SHARED RESPONSIBILITY

Viewed in this background, the seven Chief Ministers who have protested against the nature and scope of functions entrusted to the National Counter-Terrorism Centre (NCTC) are absolutely right in sounding the alarm. First of all, an organisation of such far-reaching impact should not come into being without its objectives and powers having been comprehensively discussed in a conference of the Chief Ministers. They have vital stakes in protecting their respective States and the country as a whole against terrorist attacks.

The Home Minister, Mr P. Chidambaram, himself admitted that the responsibility for both external and internal security of the country is “shared by the Centre and State Governments.” If so, the Central Government ought to have taken the States also on board in formulating and implementing any security policy.

Actually, they are on the front line of terrorist attacks and neither the NCTC nor the Centre can do anything effective without enlisting the support of the entire machinery of State Governments in such situations. The proposal for the NCTC should have properly been brought before the Inter-State Council as well.

Unfortunately, the UPA Government learns nothing and unlearns nothing, but goes on practising its topsy-turvy approach to governance. It shows extreme delicacy of touch when it comes to dealing with crooks in the Government, treating their sensitivities and susceptibilities with great respect. But when it is a matter of great consequence to States, it blunders straight ahead, creating bitterness and hostility all around.

FRANKENSTEIN MONSTER

That apart, no civilised Government anywhere in the world ever even thinks of vesting a clandestine organisation like an intelligence agency with the powers of search, arrests and taking persons into custody. For instance, the NCTC, established in the US, has no such powers and by virtue of its functions, it can only “correlate, analyse, evaluate, integrate, and produce reports on terrorism information; and establish both within the NCTC, and between the NCTC and other security, intelligence and law enforcement agencies, information systems and architectures for the effective access to and integration, dissemination, and use of terrorism information from whatever sources derived.”
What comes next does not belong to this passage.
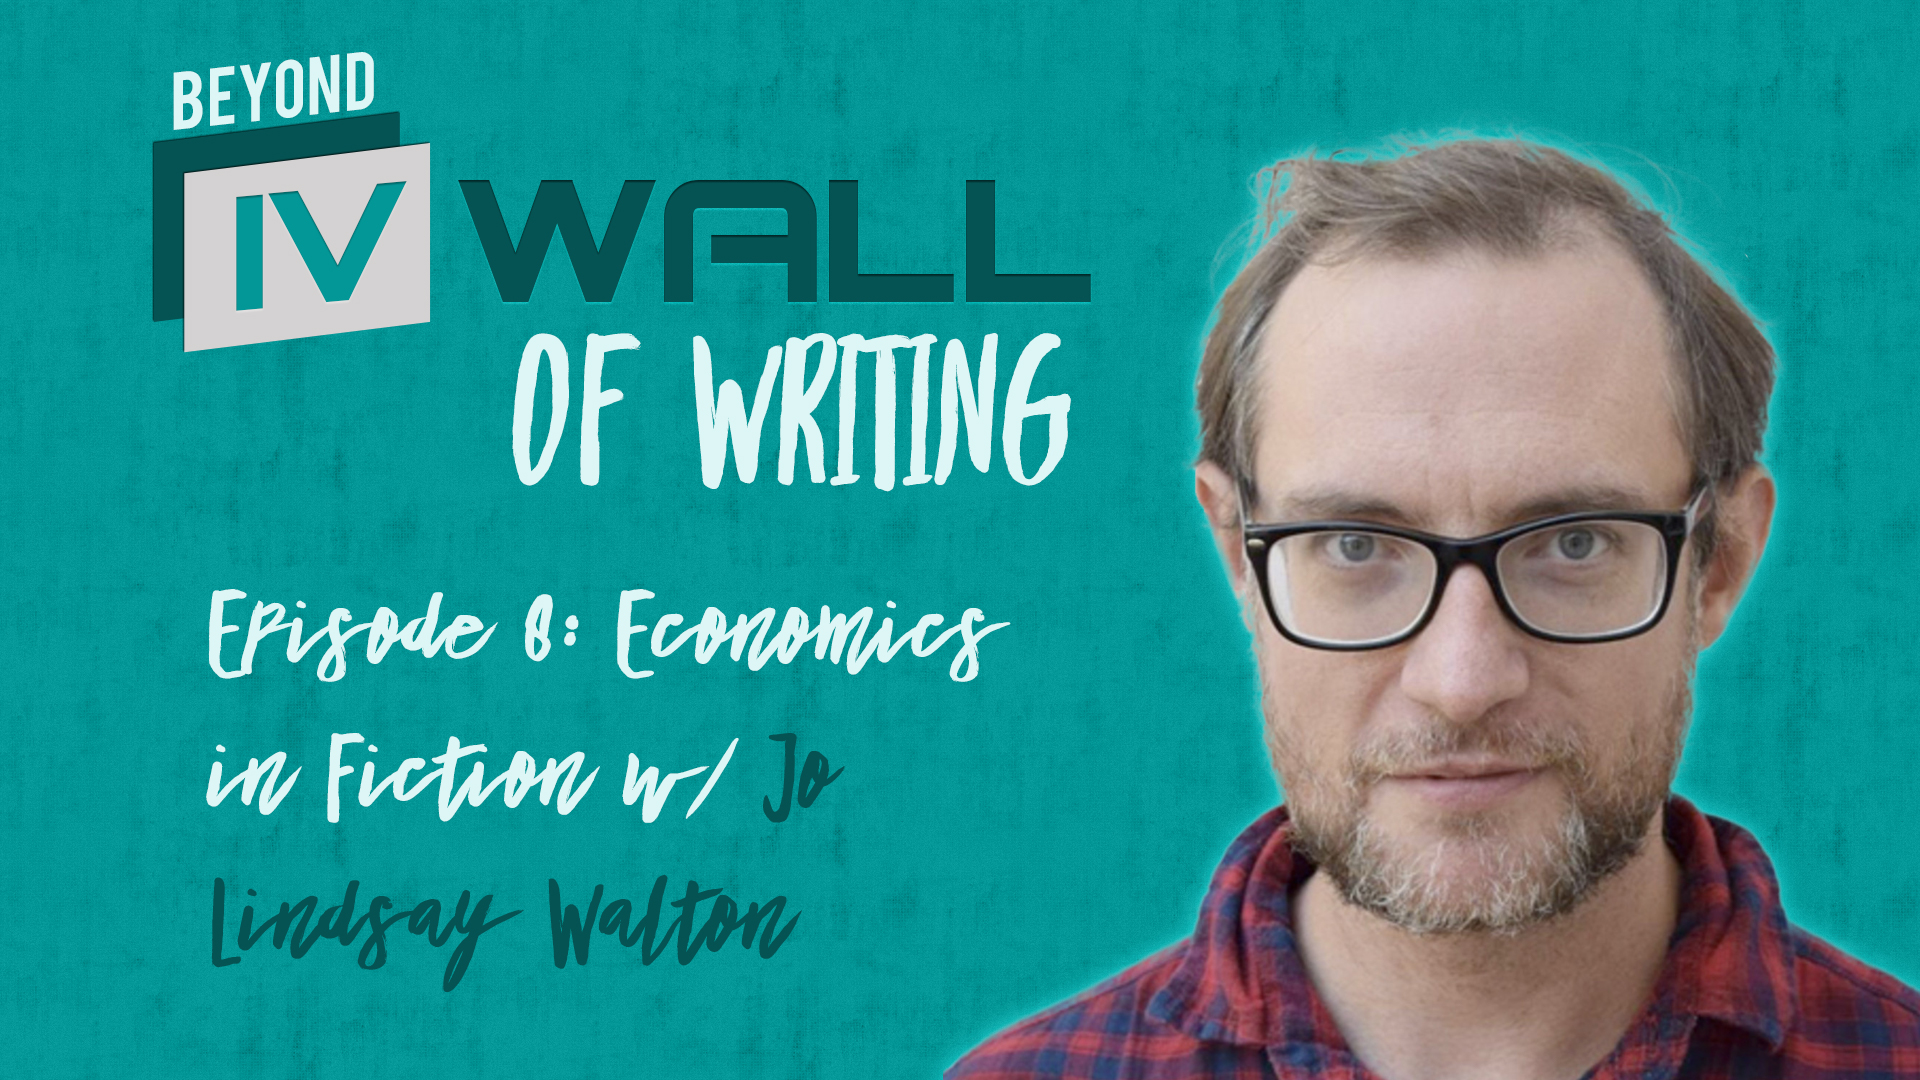 Beyond the IVWall of Writing: Episode 8- Economics in Fiction with Jo Lindsay Walton Part 1

The chance of the IB becoming a Franskenstein monster is all the greater because the Bureau, under which the NCTC will function, has no specific and explicit charter providing for regulating its overt and covert operations and keeping its functioning under close review by means of a supervisory mechanism comprising eminent, independent, knowledgeable and experienced persons.
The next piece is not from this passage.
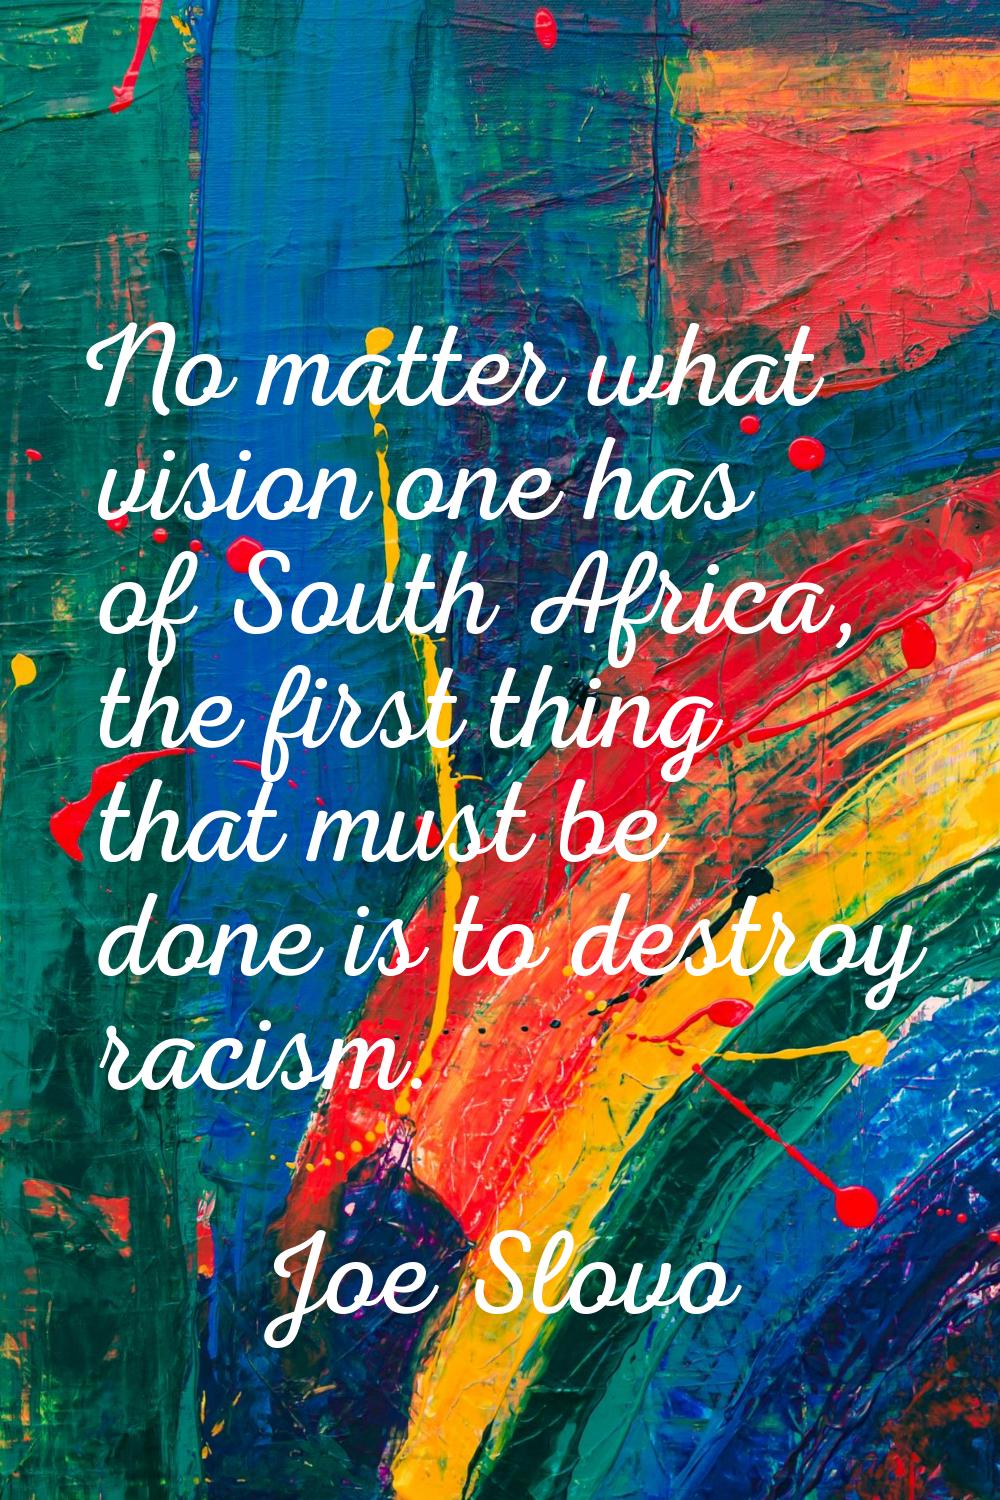 No matter what vision one has of South Africa, the first thing that must be done is to destroy raci

The L. P. Singh Committee had not only insisted on such a charter and mechanism but also given detailed blueprints concerning them. The Vice-President, Mr Hamid Ansari, in his R. N. Kao Memorial Lecture delivered at the headquarters of the Research and Analysis Wing (RAW) on January 19, 2010, also came out strongly in favour of such measures. I wrote to Mr Chidambaram on January 21, 2010 emphasising the need for acting on Mr Ansari's advice.

I have no ground for grouse about my letter being not even acknowledged since the Vice-President's call too has been instantly ignored!

NCTC is no light or trivial matter. The issues the CMs have raised deserve to be thrashed out thoroughly before it is launched.